## Recorded information
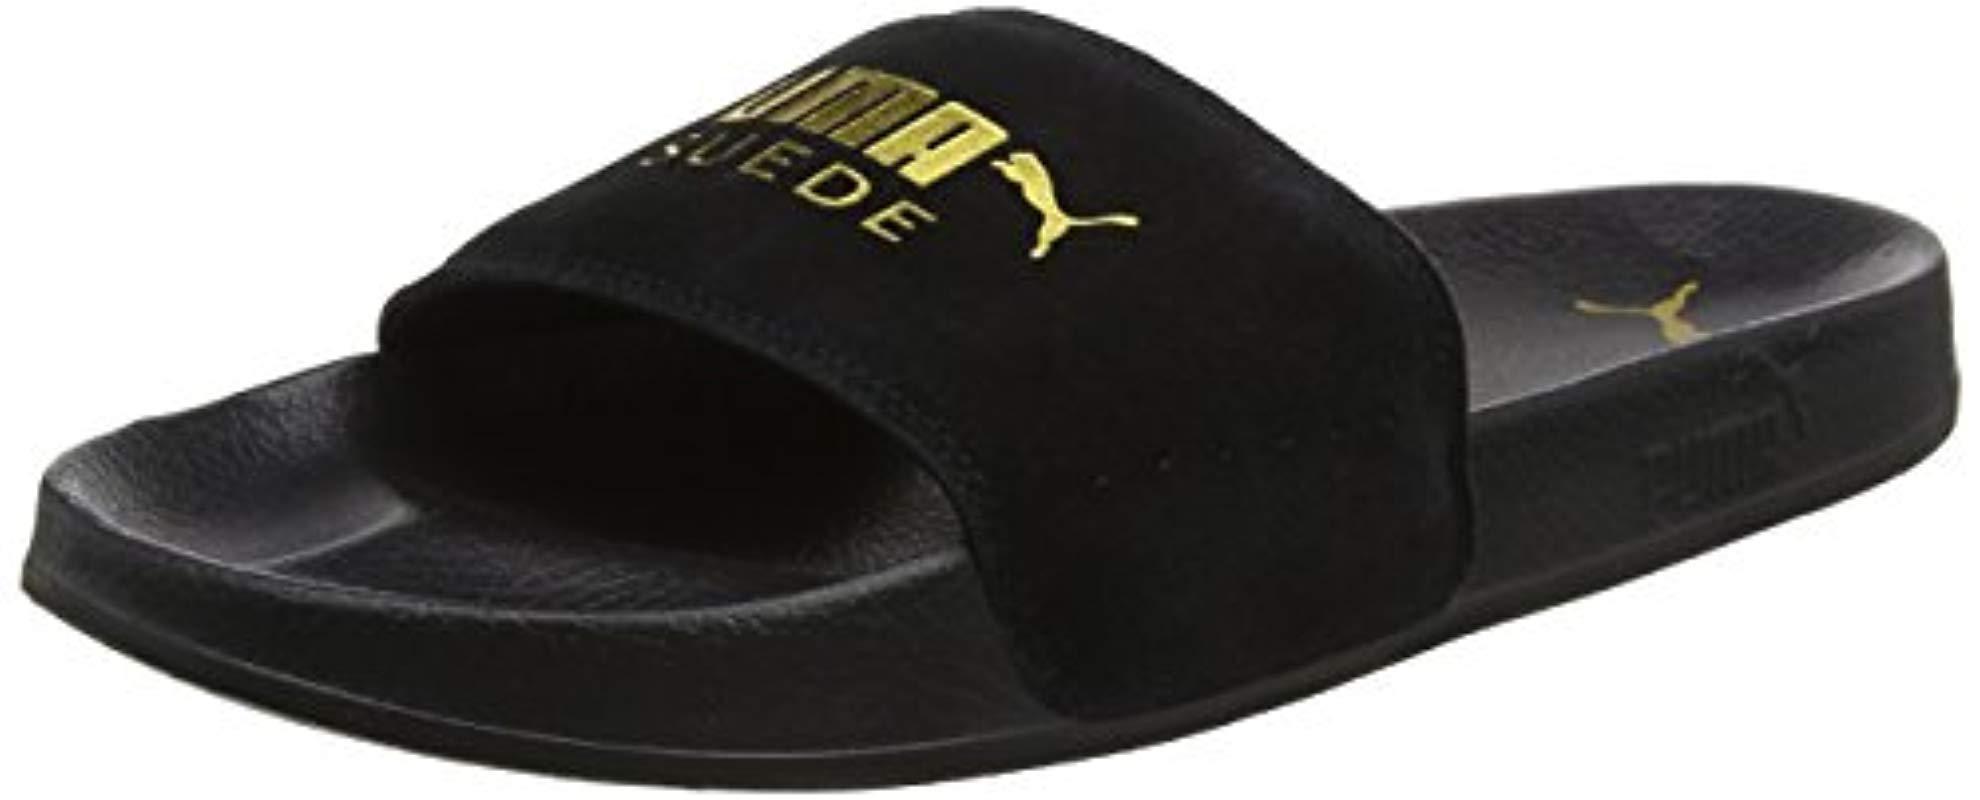 14cc4c8b5d515f Puma Leadcat Suede Slide Sandal in Black for Men - Lyst
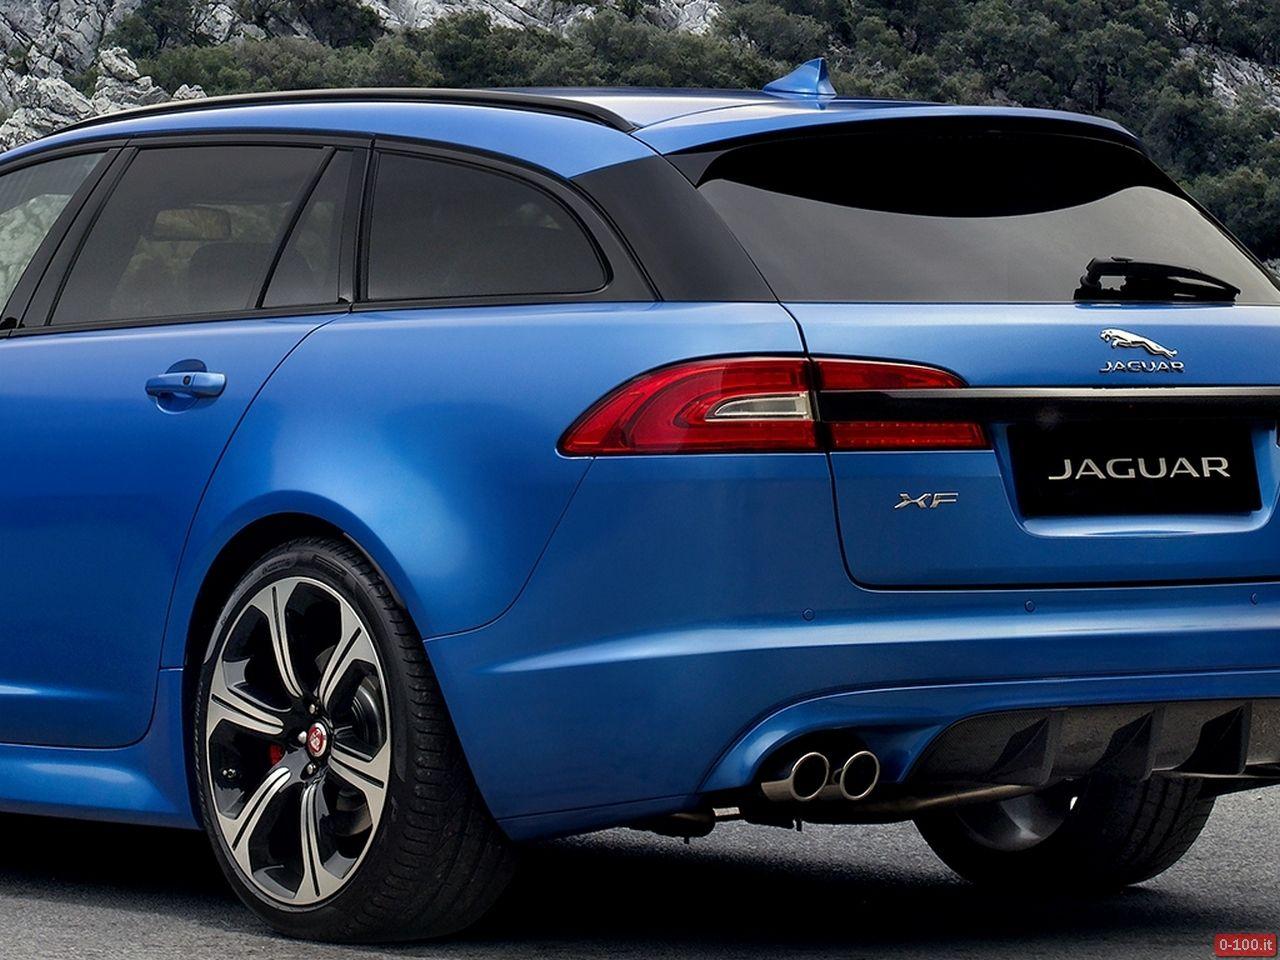 ginevra-2014-jaguar-xf-model-year-2015-xfr-s-sportbrake-0-100_4
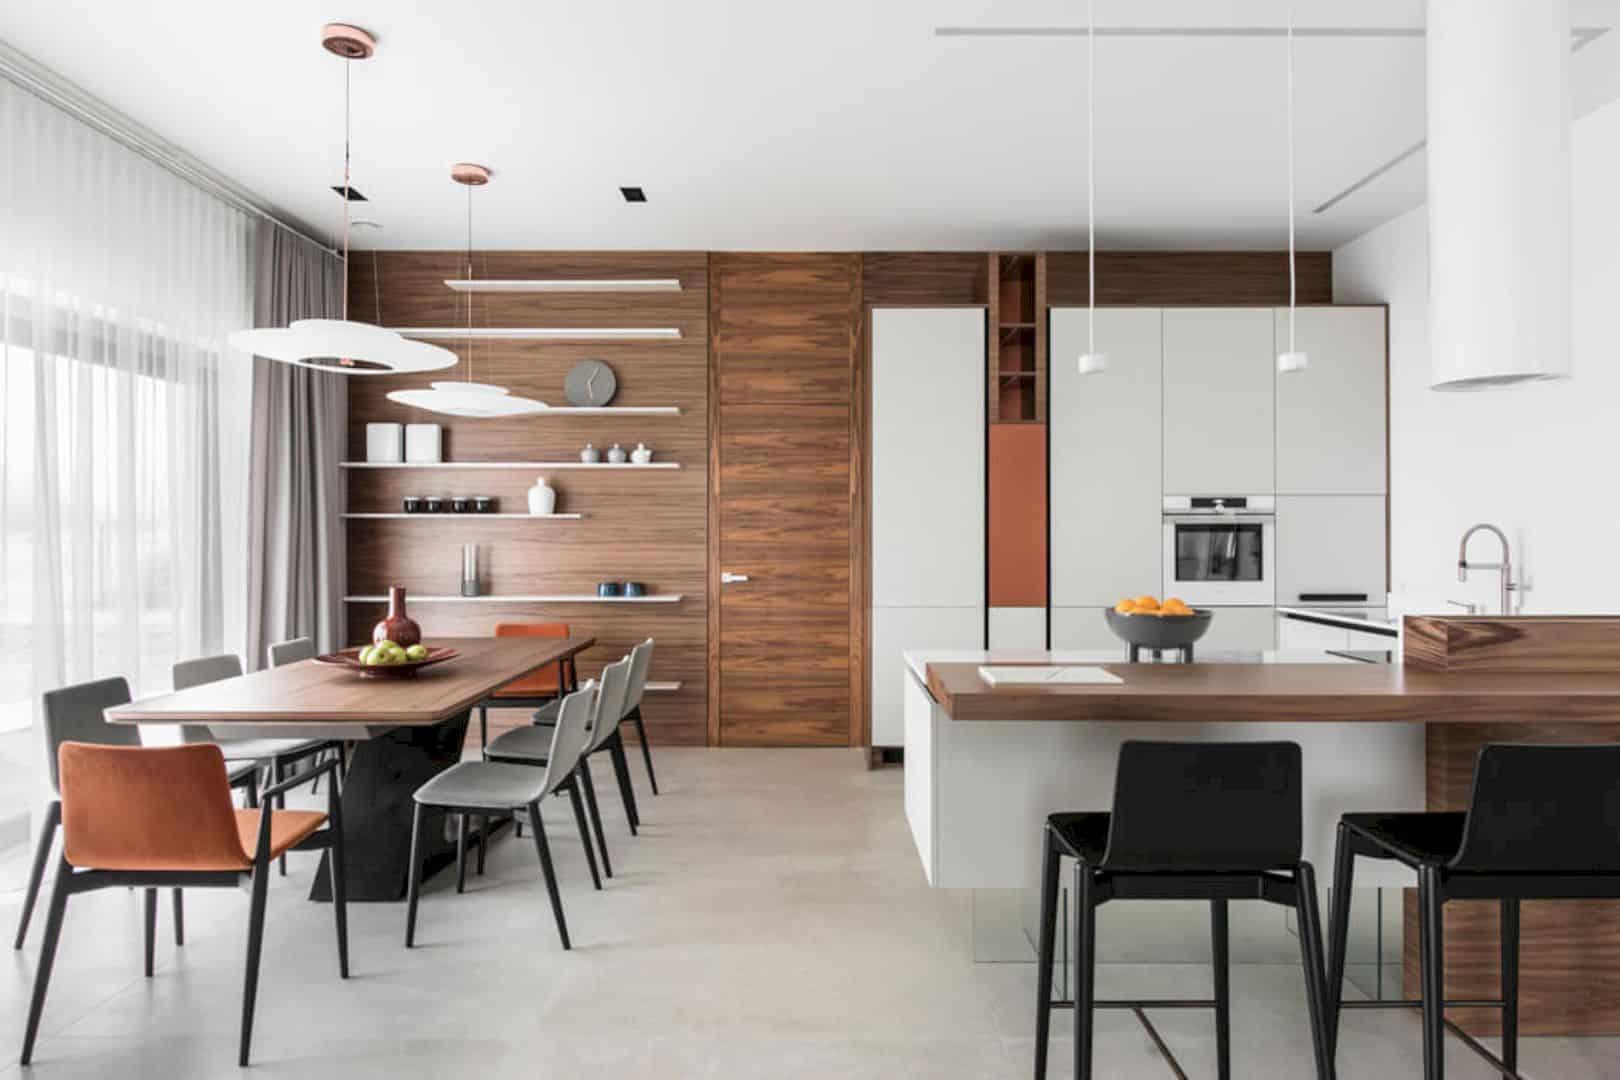 House With Orange Taste 5

## Task instructions
Restate every line of the data above word for word, with the images removed.

## Result
 14cc4c8b5d515f Puma Leadcat Suede Slide Sandal in Black for Men - Lyst
 ginevra-2014-jaguar-xf-model-year-2015-xfr-s-sportbrake-0-100_4
 House With Orange Taste 5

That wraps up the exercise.